All of this might make your head spin, one can simply consider that around 1,800-2,000 years ago, Luoyang was pretty much the center of China.

But while most of its ancient ­buildings have long since gone, there is still the ­Longmen Grottoes, a World Heritage Site and one of China's three most famous grottoes.

Situated on the northern bank of the ­placid Yi River, the grottoes feature thousands of Buddhist carvings etched into the cliff walls and caves.
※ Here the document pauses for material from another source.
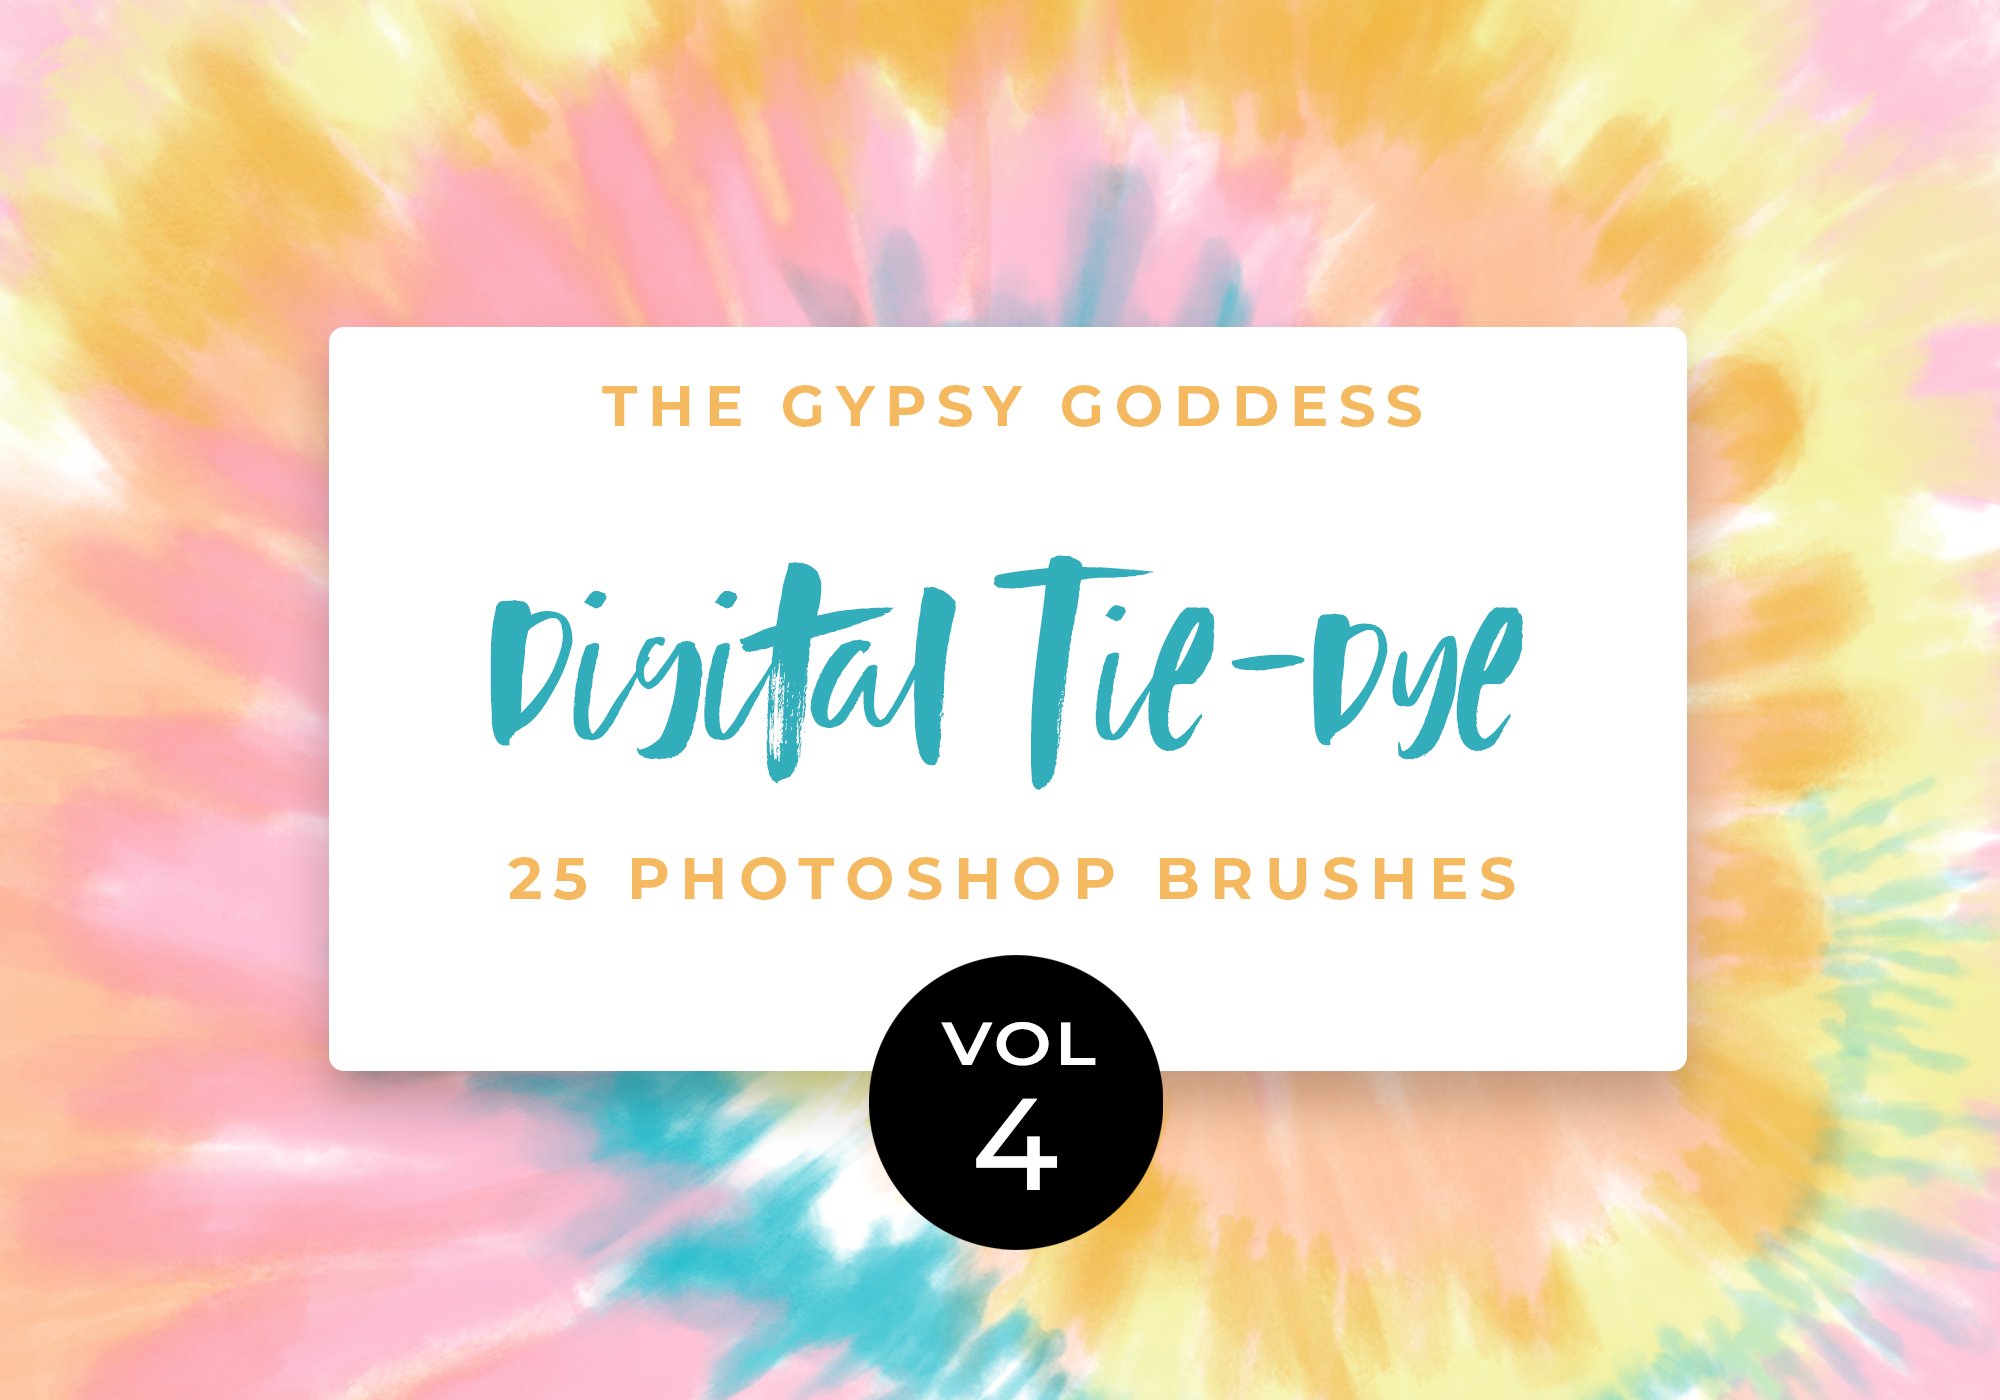 Digital Tie-Dye Brushes Vol 4cover image.

The first of these were first made in 493 and range from giant 17-meter high statues to human-sized ones to tiny Buddhas smaller than your hand.

The grottoes are almost one kilometer in length and some of the carvings are located higher up on the cliff face, so allocate at least two hours to visit here, if not more.

When you have finished with the north side, cross the river to finish up with temples, including the 1,500-year-old Xiangshan Temple, and steles, as well as a more modern historical site. This would be a villa in which ROC leader Chiang Kai-shek once stayed at in 1936 to celebrate his 50th birthday. 

Another ancient site is the Baima, or White Horse Temple, founded in the year 68. The first Buddhist temple in China, it claims the title as the cradle of Buddhism in the country.­

Luo­yang's old town is guarded by a formidable gate and stone towers. Besides wandering the alleyways and looking at stores, it is a good place to try the city's famous Shuixi ­water banquet dishes, which hark back to the Sui Dynasty (581-618).

Luoyang also has an interesting history museum, the highlights of which are large Tang Dynasty Tangsancai tri-­colored glazed ceramic horses and camels as well as artifacts from as far back as the Xia Dynasty (2070-1600BC).

Further to the east of Luoyang lies Shaolin Temple, which has inspired numerous kungfu movies about the temple's fighting monks.

The temple has capitalized on its fame, so much so that you will see monks selling tickets and souvenirs within the grounds.

You can view performances by the monks at set times, but for me, the most remarkable sight was seeing hundreds of young monks massed on a field practicing punches and kicks in the afternoon. It is possible to feel overwhelmed by the commercialism and noisiness in the temple, but one can also visit the nearby Song Mountain by cable car.

So just know that ­Beijing, as mighty as it is, is not the be-all end-all of Chinese imperial history and give these other ­cities a visit.